• Rolling on the beach

    Caplin-1280Its not the Adele song, its the caplin spawn! About this time of year we start to see caplin coming ashore on the beaches to spawn.  Back when I was younger they’d come further up the sound than now, and we’d see tons of them up in Apsey Brook.  Didn’t see that as often at least up until I moved away.

    I think that’s mainly because when I was a lad, there was really no commercial use for them.  People caught them for food and that was about it, but later on, their roe became popular with the Japanese market, and a large commercial fishery took off.

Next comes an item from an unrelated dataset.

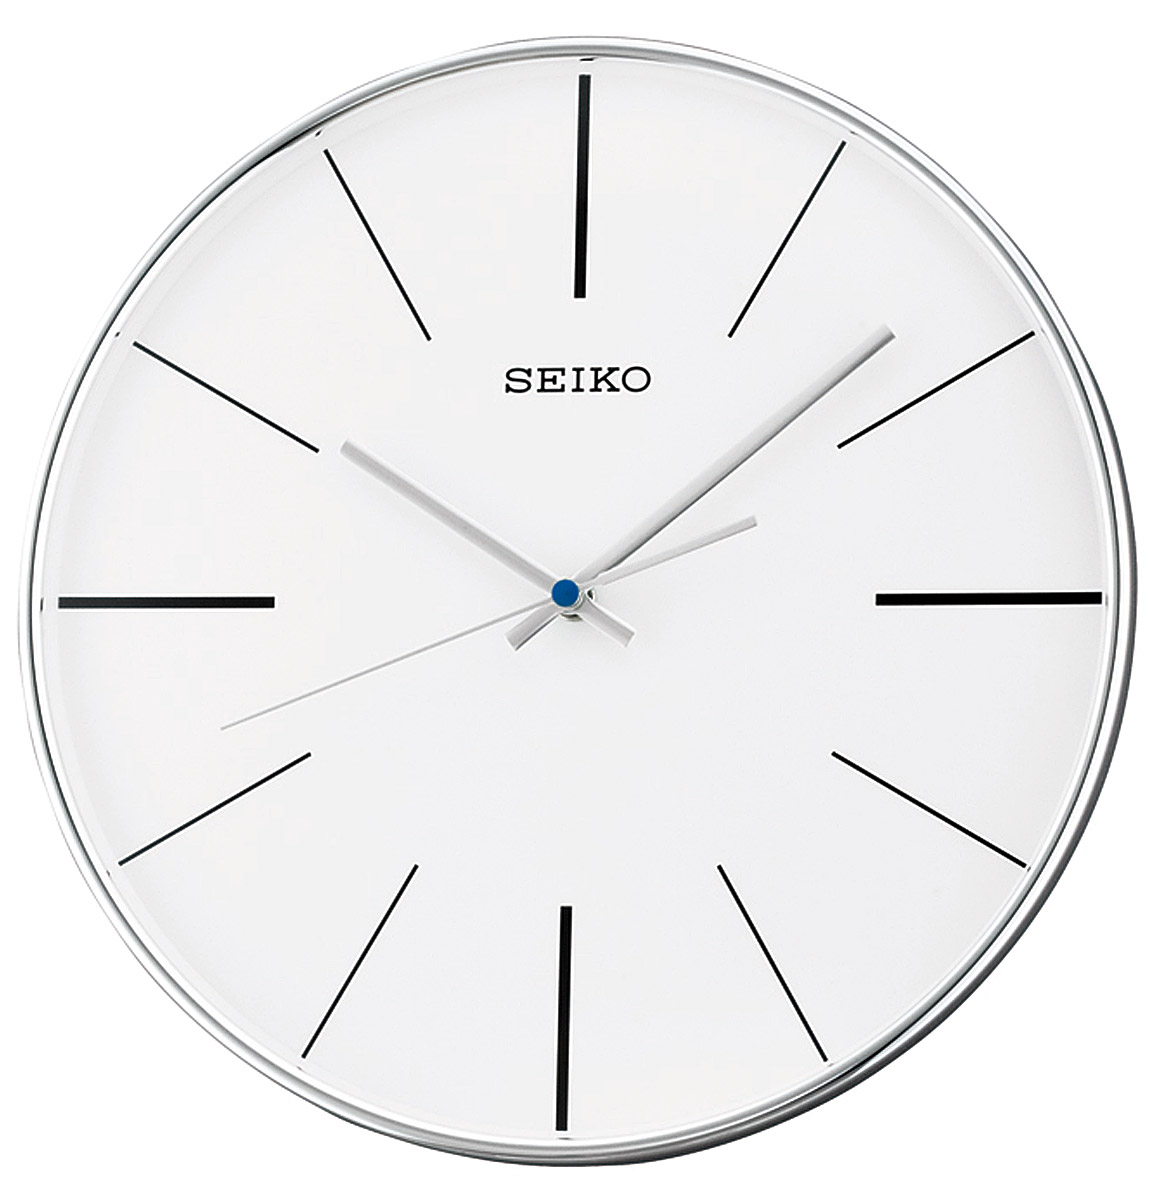 Размеры циферблата часов. Настенные часы Seiko qxa634a. Часы настенные кварцевые Seiko qxa653k. Настенные часы Seiko qxa020s. Настенные часы Seiko qxa342s.

    These small smelt like fish would teem near shore and we’d go down and pick them up in dip nets, five gallon buckets, and cast nets, getting tons and tons.

    Cast Net

     

    Some we’d eat fresh, though I was never fond of them this way, but the majority we’d salt and sun dry or smoke.  A common site was to see caplin racks like those pictured all over the island, caplin hung on them, pierced through the eye, to dry. For me, one of my favorite things to eat is a dried smoked caplin, its almost like fish jerky!  Or dare I say it, fish bacon! So delicious!

    Commercially, they were also a good way for us younger folks to make a few extra dollars, as the plants would pay us to pick the males from the females. Males were used for fish meal, food, or what have you, while the females were milked for the roe.

    Not sure the caplin racks are very common anymore now, or how many we see rolling on the beach, but I’m sure people still call the damp foggy days in late June caplin weather.

    I think now I’m going to have to head out and find some caplin, still see some smoked ones from Golden Shell fisheries in the stores here sometimes!

    Raised in outport Newfoundland in a town of 65 people, I pursued a post secondary diploma in Information Technology right out of High School.

    I’ve always been a geek at heart, but yet I love the rural life I grew up with. Fishing, hunting, camping and the great outdoors are still loves of mine, even if I don’t pursue them as often as I once did. Sports were always a big part of our lives, and I played many (badly) and loved them all.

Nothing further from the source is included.